Indic Translate Server

Overview

This project sets up an Indic translation server using Docker Compose, allowing translation between various languages including English, Kannada, Hindi, and others. It utilizes models from AI4Bharat to perform translations.

Languages Supported

Here is the list of languages supported by the IndicTrans2 models:

Assamese (asm_Beng)	Kashmiri (Arabic) (kas_Arab)	Punjabi (pan_Guru)
Bengali (ben_Beng)	Kashmiri (Devanagari) (kas_Deva)	Sanskrit (san_Deva)
Bodo (brx_Deva)	Maithili (mai_Deva)	Santali (sat_Olck)
Dogri (doi_Deva)	Malayalam (mal_Mlym)	Sindhi (Arabic) (snd_Arab)
English (eng_Latn)	Marathi (mar_Deva)	Sindhi (Devanagari) (snd_Deva)
Konkani (gom_Deva)	Manipuri (Bengali) (mni_Beng)	Tamil (tam_Taml)
Gujarati (guj_Gujr)	Manipuri (Meitei) (mni_Mtei)	Telugu (tel_Telu)
Hindi (hin_Deva)	Nepali (npi_Deva)	Urdu (urd_Arab)
Kannada (kan_Knda)	Odia (ory_Orya)

Live Server

We have hosted an Translation service for Indian languages. The service is available in two modes:

High Latency, Slow System (Available 24/7)

URL: High Latency ASR Service

Low Latency, Fast System (Available on Request)
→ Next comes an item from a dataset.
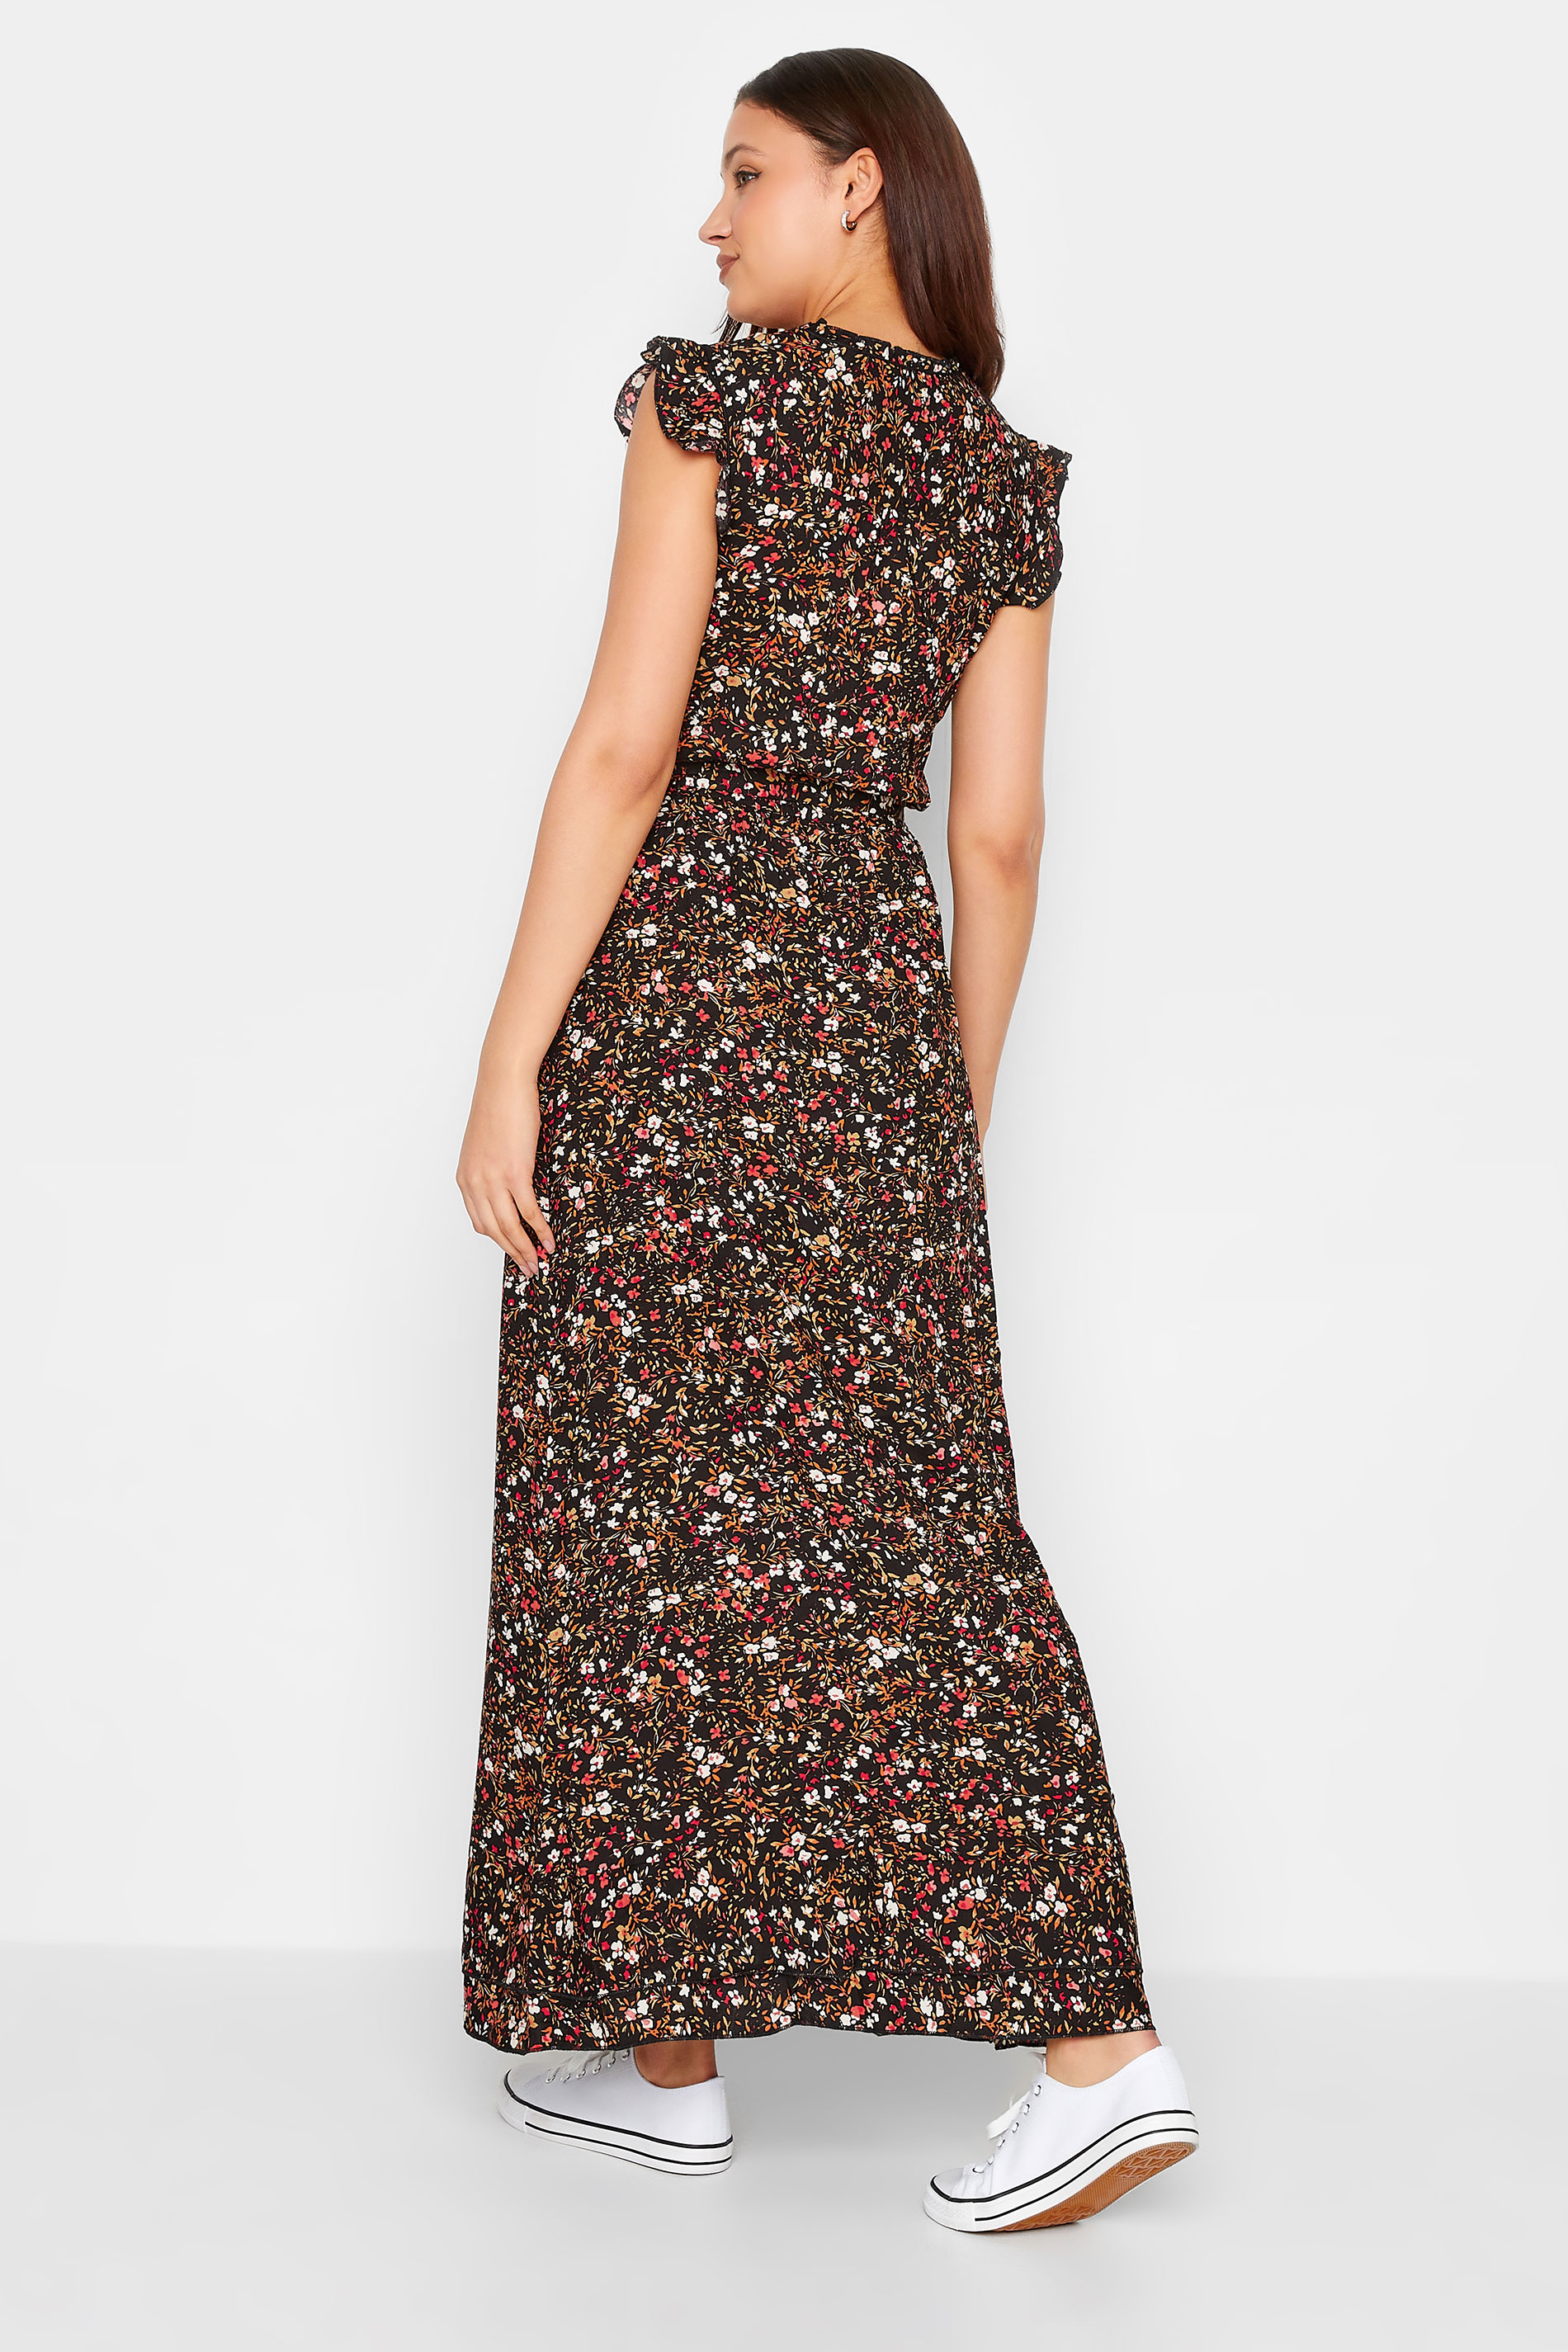 Tall Women's LTS Black Ditsy Floral Maxi Dress | Long Tall Sally 3

URL: Low Latency ASR Service

How to Use the Service

With curl

You can test the service using curl commands. Below are examples for both service modes:

High Latency Service

curl -X 'POST' \
  'https://gaganyatri-translate-indic-server-cpu.hf.space/translate?src_lang=kan_Knda&tgt_lang=eng_Latn&device_type=cpu' \
  -H 'accept: application/json' \
  -H 'Content-Type: application/json' \
  -d '{
  "sentences": [
     "ನಮಸ್ಕಾರ, ಹೇಗಿದ್ದೀರಾ?", "ಶುಭೋದಯ!"
  ],
  "src_lang": "kan_Knda",
  "tgt_lang": "eng_Latn"
}'

Low Latency Service - GPU server on demand

curl -X 'POST' \
  'https://gaganyatri-translate-indic-server.hf.space/translate?src_lang=kan_Knda&tgt_lang=eng_Latn&device_type=gpu' \
  -H 'accept: application/json' \
  -H 'Content-Type: application/json' \
  -d '{
  "sentences": [
     "ನಮಸ್ಕಾರ, ಹೇಗಿದ್ದೀರಾ?", "ಶುಭೋದಯ!"
  ],
  "src_lang": "kan_Knda",
  "tgt_lang": "eng_Latn"
}'

Via Swagger UI

URL: High Latency translation Service
URL: Low Latency translation Service

Prerequisites

Docker and Docker Compose installed on your machine.
Python 3.x installed for the development environment.
Internet access to download translation models.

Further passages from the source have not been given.